WHAT YOU WILL DO
The goal is a clean copy of all the data below, with pictures dropped and everything else retyped exactly.

DATASET SECTION
********************

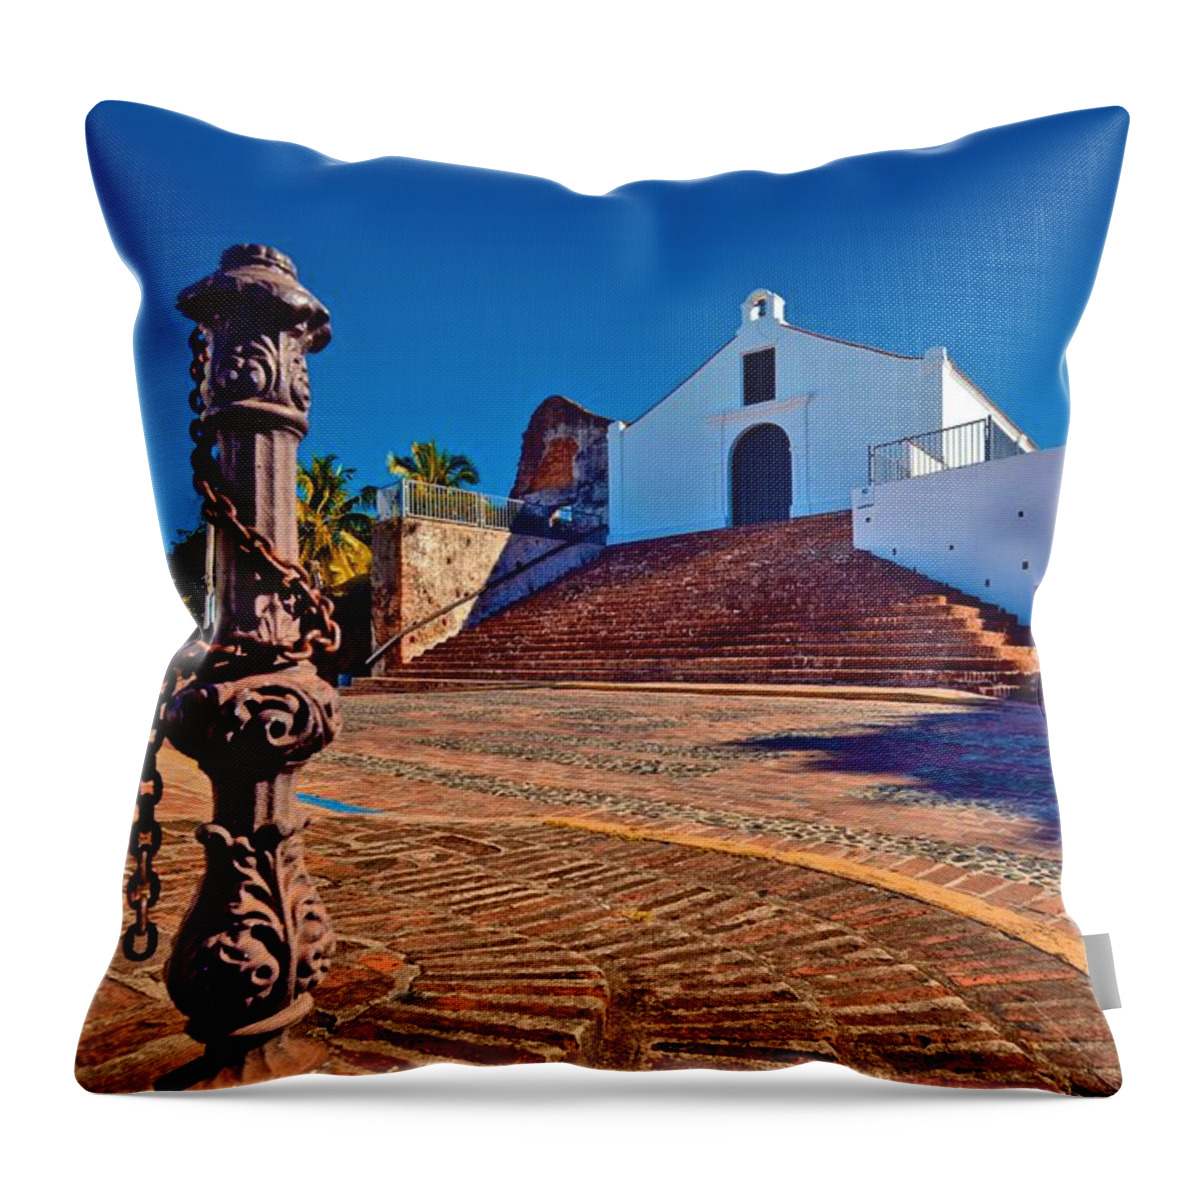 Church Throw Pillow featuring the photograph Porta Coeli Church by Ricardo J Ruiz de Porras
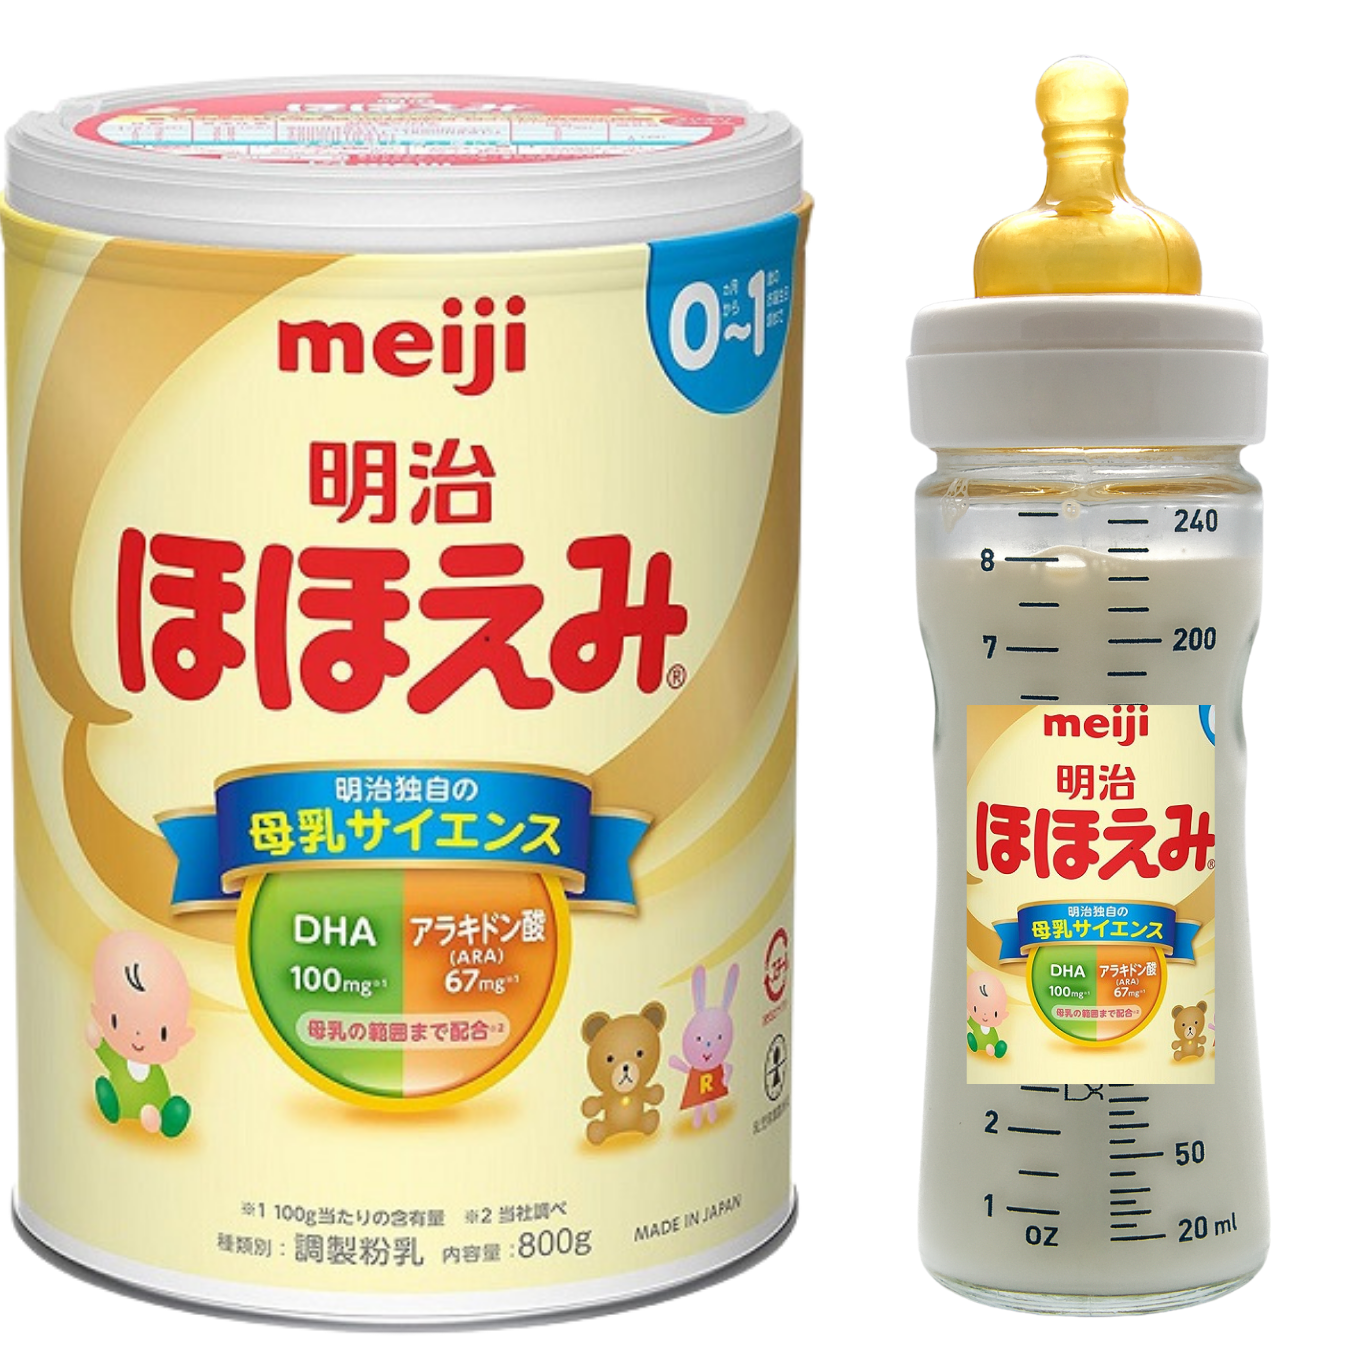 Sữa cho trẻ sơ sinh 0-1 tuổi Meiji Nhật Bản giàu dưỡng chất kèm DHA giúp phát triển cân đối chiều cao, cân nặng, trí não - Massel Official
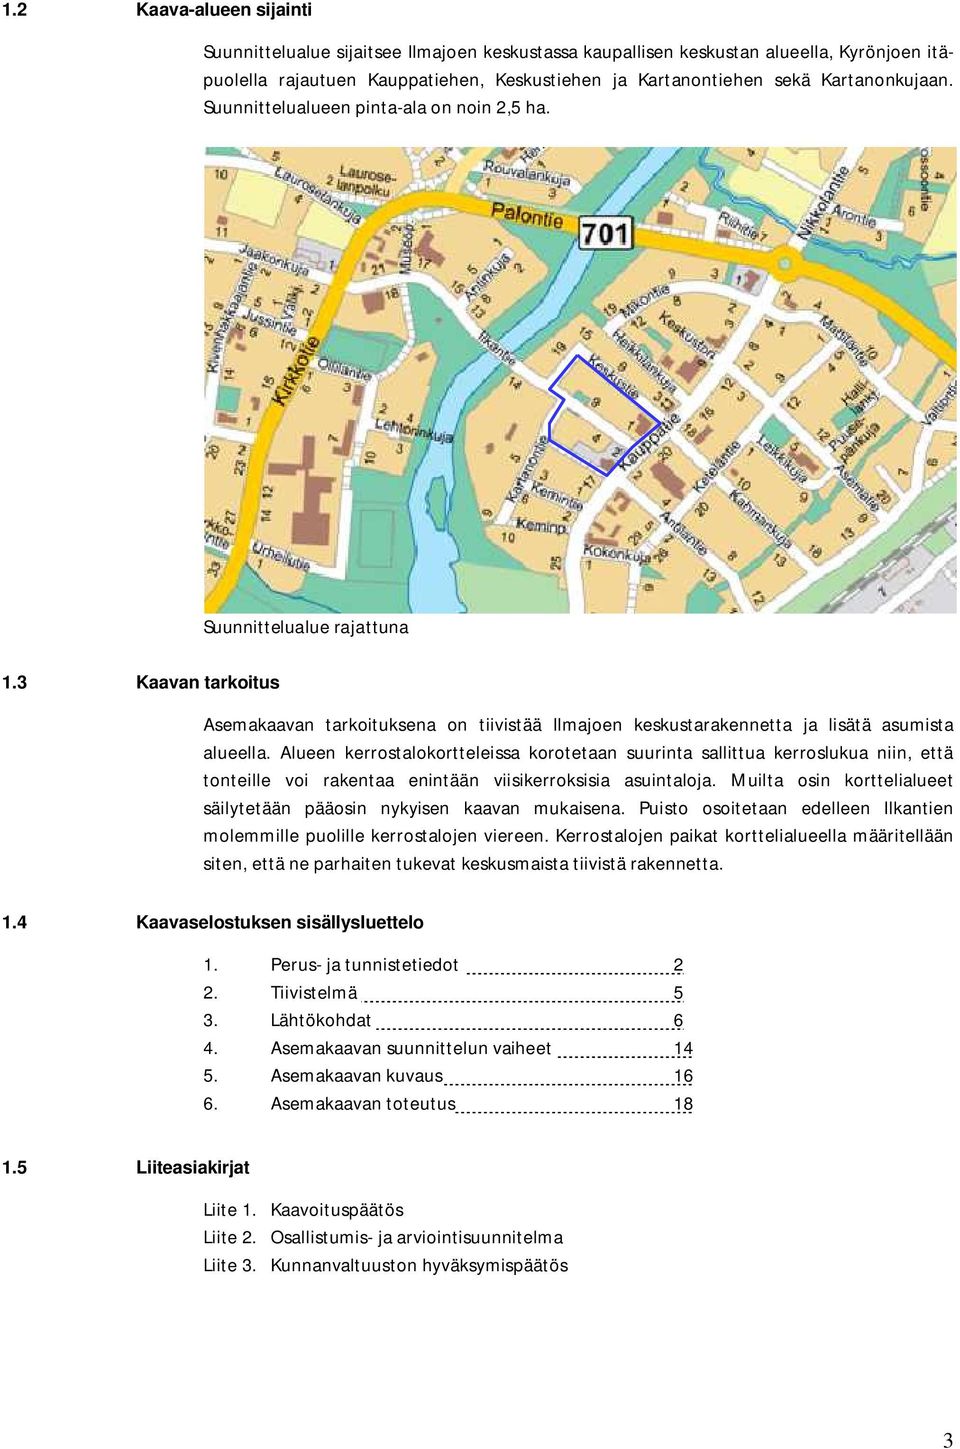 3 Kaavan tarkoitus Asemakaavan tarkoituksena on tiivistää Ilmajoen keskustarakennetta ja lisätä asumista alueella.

********************

SOLUTION BELOW
 Church Throw Pillow featuring the photograph Porta Coeli Church by Ricardo J Ruiz de Porras
 Sữa cho trẻ sơ sinh 0-1 tuổi Meiji Nhật Bản giàu dưỡng chất kèm DHA giúp phát triển cân đối chiều cao, cân nặng, trí não - Massel Official
 3 Kaavan tarkoitus Asemakaavan tarkoituksena on tiivistää Ilmajoen keskustarakennetta ja lisätä asumista alueella.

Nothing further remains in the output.